He’s on you in and instant,
“Where?”
You point up the shelf. “That it?”
He carefully grabs it, opens it up and shuts it before you can get a good look. Looked kinda like a flash drive? A flash drive inside a plastic baggie.
“That’s what we’re looking for alright. Good work lassie. Ye might as well be a recruit at this point.”
He’s joking it seems, so you smile back in turn.
“Lived a bit too cushiony of a life for military work i’m afraid.” You gesture once more to your royal outfit. “But i’ll consider the offer sergeant.”
He takes you by the arm, tucking the box into his vest and leading you to the door.
“Glad to hear it princess.”
After that, it’s more sneaking about, more little bits of banter whenever you can, and listening to him speak into his earpiece. It’s dreadfully fun, the most fun you’ve had all night and honestly? At any party ever.

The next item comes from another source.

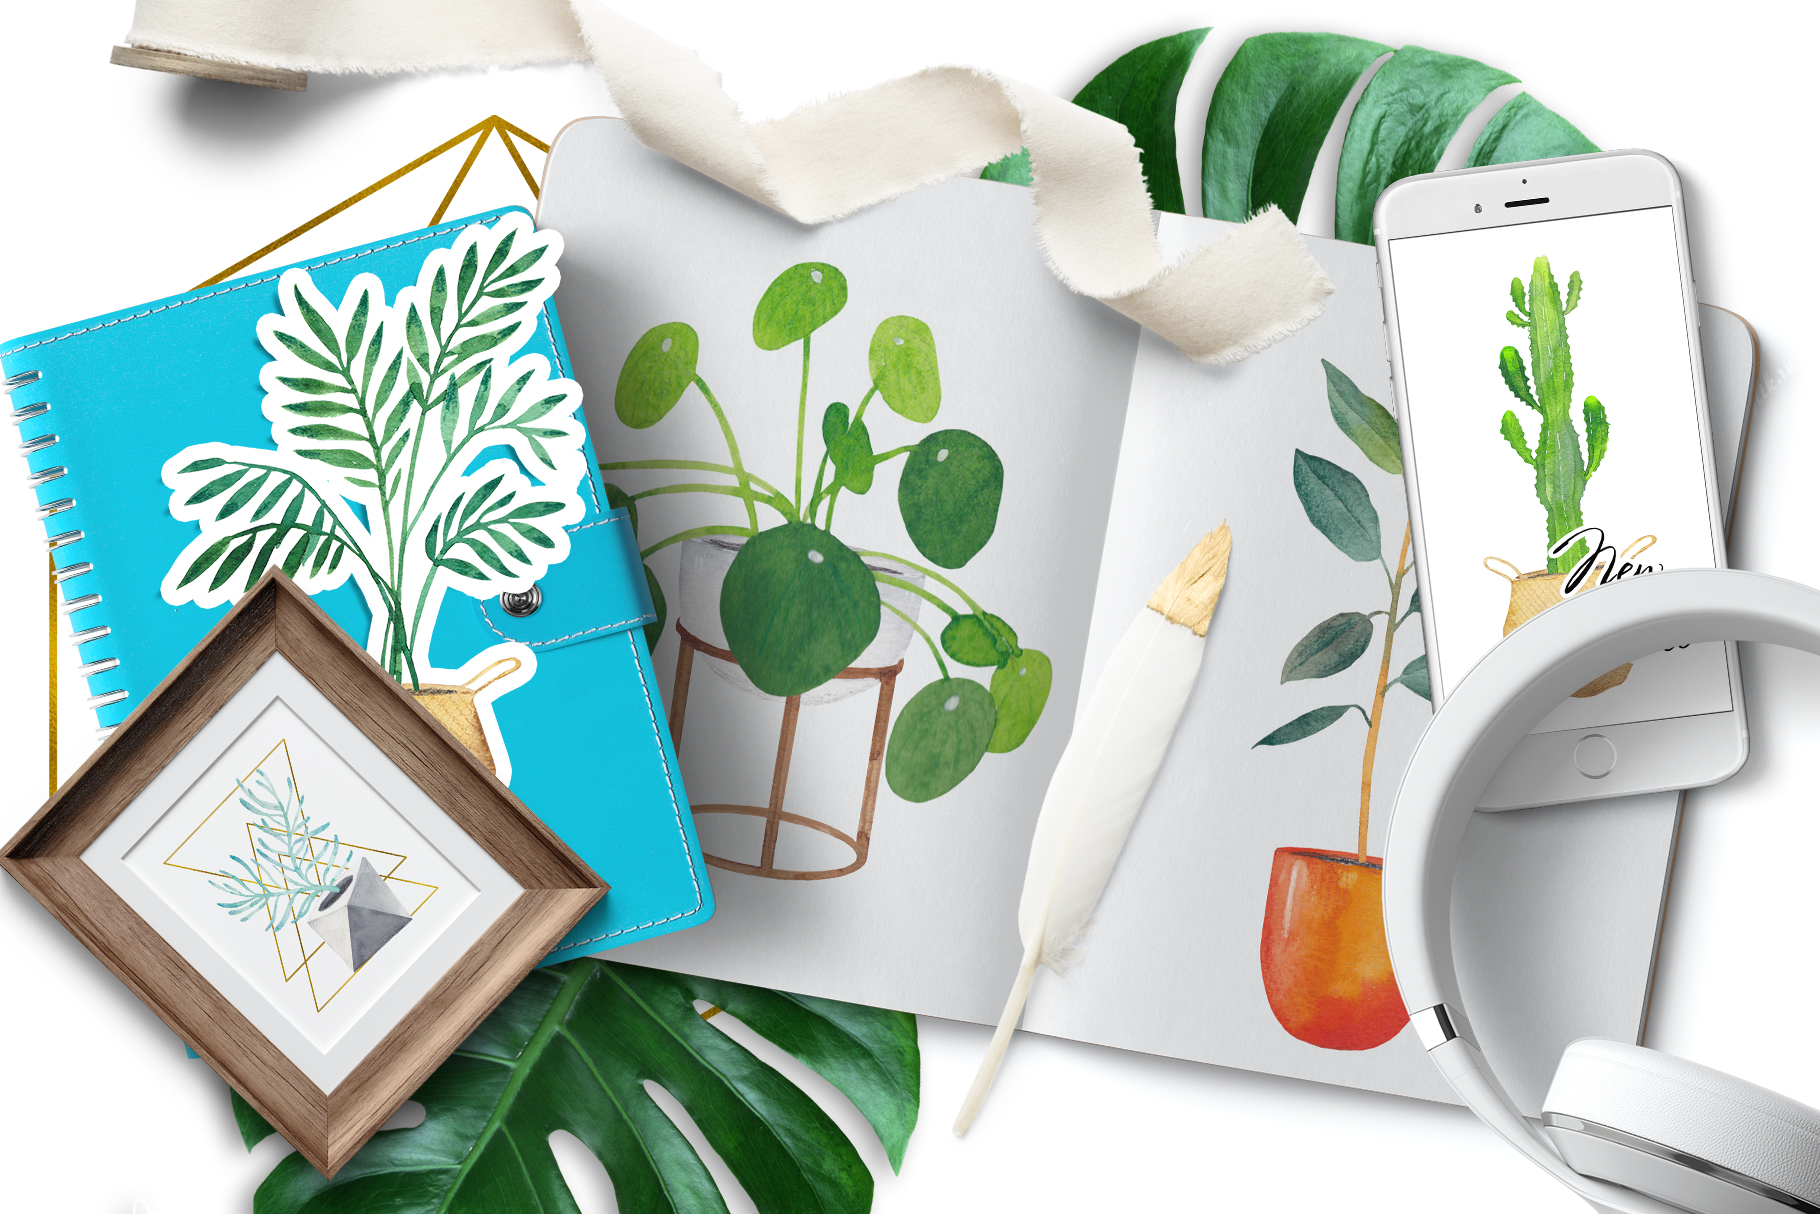 Scandi house plants interior creator example image 2

Finally- Finally, you seem to make your goal as you feel open air on your skin. That took forever to get out, with how massive the place was, but by god it was fun sneaking around like a super spy with…
Oh. You come to the sudden realization that you don’t actually know his name. That and- you never gave him your name either.
Well, this is where you leave so…
“Hey i just realized i never got your name.”
He turns to you for a brief moment, his hands on your arm now, tugging you along away from the building so that the bouncers at the front won’t see you. The two of you stop a little ways away.
“Soap. Or Johnny if you’d prefer.”
He says it so simply, with such an easy smile.
“And you princess?”
You say your own back, and it sounds so nice on his tongue. So right.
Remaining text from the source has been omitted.